Sultan Mahmud Sharqi, much like his father, had a deep appreciation for art and architecture, as demonstrated by the construction of splendid buildings, palaces, and grand mosques across his kingdom. The capital city of Jaunpur, in particular, was embellished with exquisite mosques, with the Lal Darwazah Masjid (Ruby Gate Mosque) standing out as a notable example. Adjacent to this mosque, construction was completed on the splendid palace belonging to his favored queen, Bibi Raji, during the same period.Three Arabic inscriptions from the time of Mahmud have been discovered in Bihar.
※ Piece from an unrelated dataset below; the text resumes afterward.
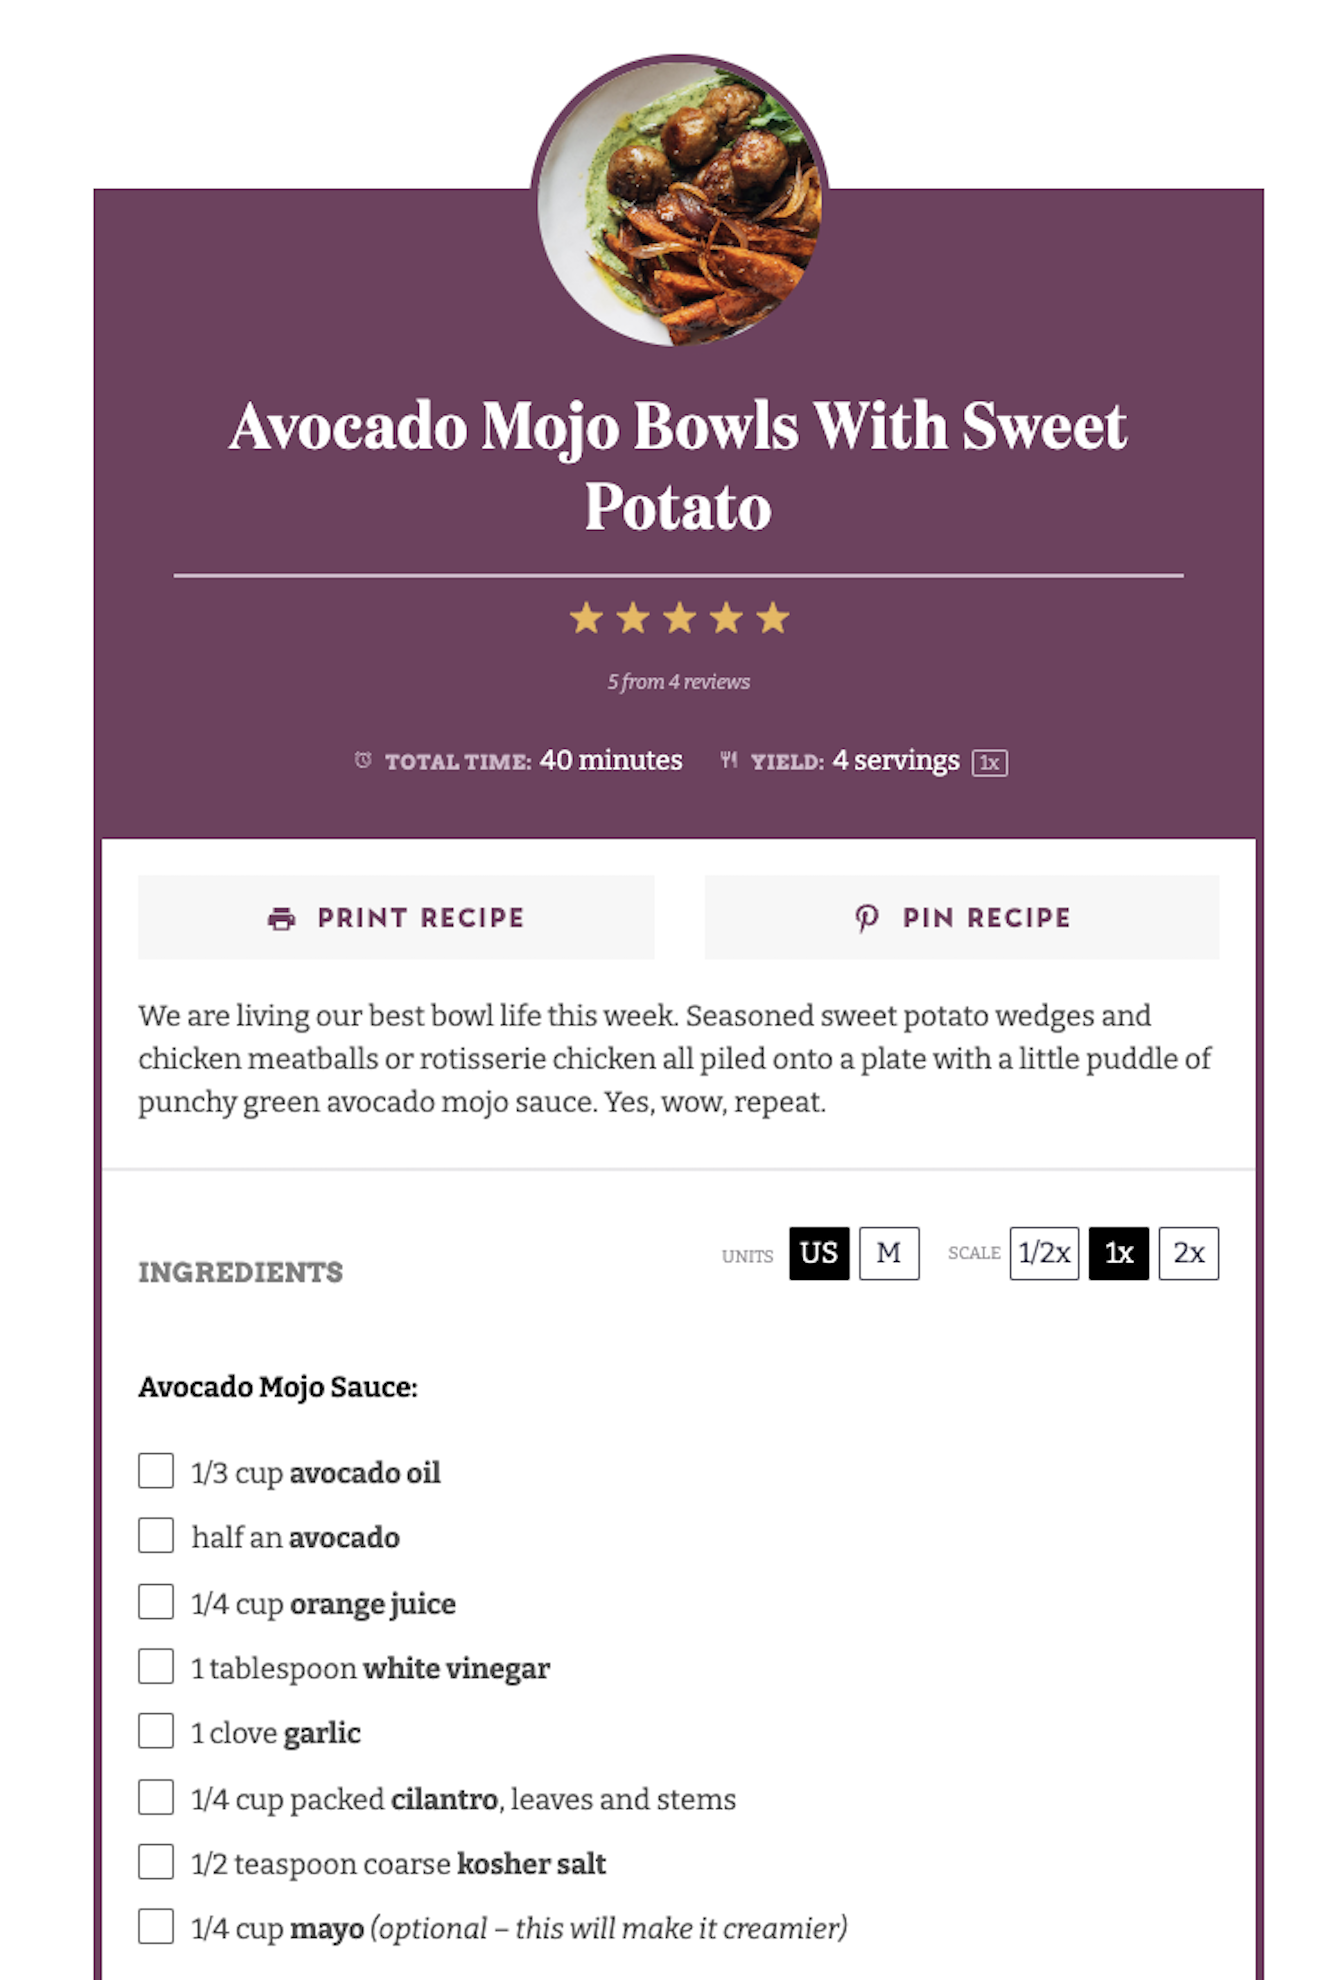 The Tasty Recipes recipe card for Avocado Mojo Bowls With Sweet Potato on Pinch of Yum.

The earliest inscription, dated Rajab 1, 847 (25 October 1443), commemorates the construction of a Jāma mosque by a devout individual named Sayyid Ajmal. In the inscription, Ajmal is described as Sadr-i jahan at the behest of Malik- ush Sharq, Nasir, the son of Baha, who served as the muqta or governor of Khitta in Bihar during Mahmud Sharqi's reign in 1443-4. The only surviving piece of architecture of his reign is the Lal Darwaza mosque, commissioned by his queen, Bibi Raji.